I wore a light grey jogging suit for the test. Under the guidance of Craig and Rebecca Maise helped cover me from head to toe in fire retardant gel, just in case our heat calculations went wrong – I certainly had no objection to being rubbed down with slime by the love of my life, who came away a little slimy herself after I pulled her in for a kiss. The noise from the fan on the oven mixed with that of the concrete mixer steadily churning and kneading the bread mixture to create a strangely relaxing soundscape, belying the crazy and dangerous deathplay I was about to put myself through. Scott had given me a small panic switch to hold in my hand, which I could press at any time if I needed to end the test and be taken out of the oven. Together, he and Maise helped me get into position in the tin, my arms folded across my chest and my head and feet sticking out through the holes.
They got the chute into position and began tipping the soft wet dough into the tin on top of me. From my point of view I could only see the sloppy mixture tumbling down the chute into the top of the tin, but felt it landing wetly about my body, slowly burying me. When all the dough had been emptied on top of me, it felt like I was encased in wet, heavy glue concealed behind the metal wall of the tin.
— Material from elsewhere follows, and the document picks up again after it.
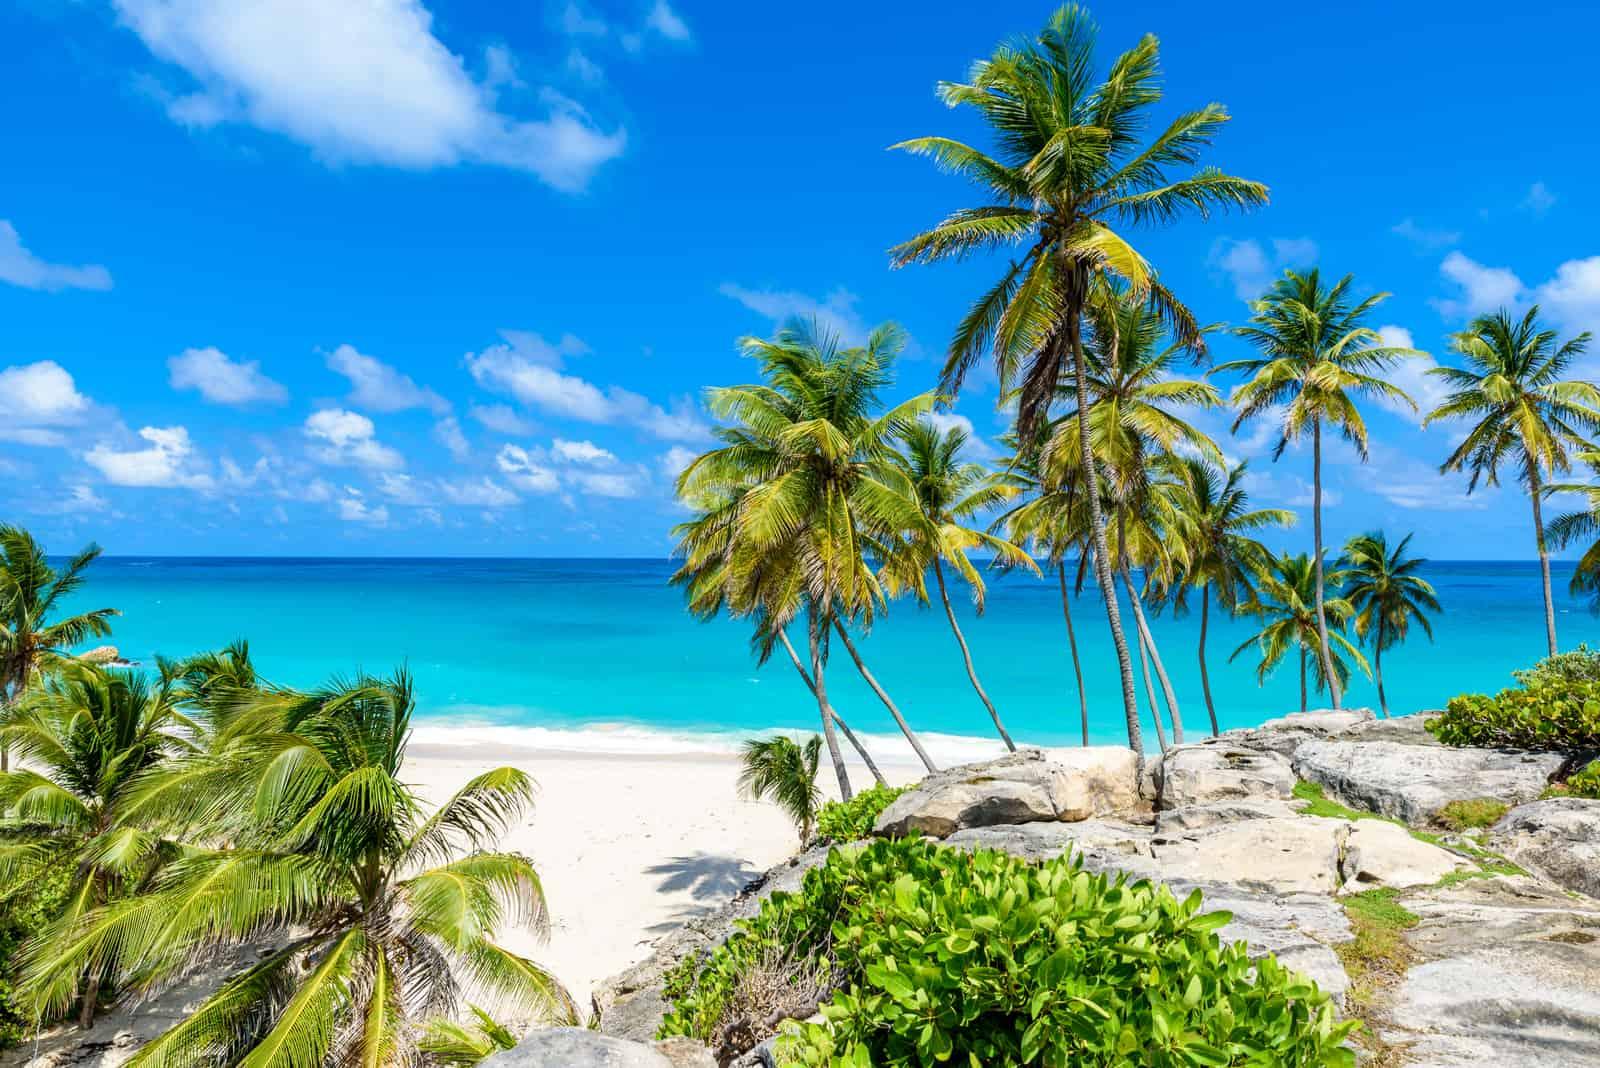 Paradiesstrand auf der Karibikinsel Barbados

I was completely immobile, save for the hand in which I held the emergency panic switch and my feet sticking out the other end. Being able to wriggle them and nothing else was a bizarre feeling.
Maise and Scott released the brakes from the wheels to trundle me into the oven. As Scott opened the door, Maise kneeled down to kiss me one last time.
"Good luck, lover," she said. "Bring me back my Lexie loaf!"
I could feel the heat of the air above me and the glowing elements on the wall were fearsome to behold, but once I was in position the blast of cool air at the bottom did a pretty good job of keeping me safe, especially with the layer of retardant gel on my face. I'd like to say it was like a sauna, except you don't take a sauna fully dressed, encased in a tin of sticky dough and coated in fireproof goop. For future reference, we needed to know whether the gel was actually necessary – I hoped it wasn't, but was stuck with it for now.
I could make out the shapes of my friends and colleagues watching through the window of the oven, a hazy rippling blur through the warm air currents moving around me. I knew roughly how long I'd be in here for (I was pretty confident the plan was working at this point so didn't imagine I'd be pressing the panic switch), but couldn't guess how much time had passed. I could feel the dough expanding around me with little fizzy bursts as the soda rose. It was getting much hotter inside the tin, even as my head was cooled by the fans outside. Eventually I caught a glimpse of the dough rising up above the edge of the tin and suddenly worried about a bit of hot wet dough falling down from there on to my face – luckily that didn't happen, but I reflected that might be one situation where I'd be very glad of the heatproof gel. I had no desire to have my skin burned off.
Slowly the line of dough at the top of the tin turned brown and the salty smell of the soda bread rising gave way to the appetising smell of freshly baked bread. The dough my body was encased in felt airier and springier than before, but still held me fast. The heating element at the back of the oven slowly began to fade and I saw the people outside approaching the door. They were coming to get me out.
Maise came in first, wearing heavy protective gloves that made for a striking ensemble with the front of her dress still slimy with heatproof gel from when I'd pulled her in for that kiss. What must we look like, I thought, her looking like a Silent Hill monster and me baked solid into an actual loaf of bread.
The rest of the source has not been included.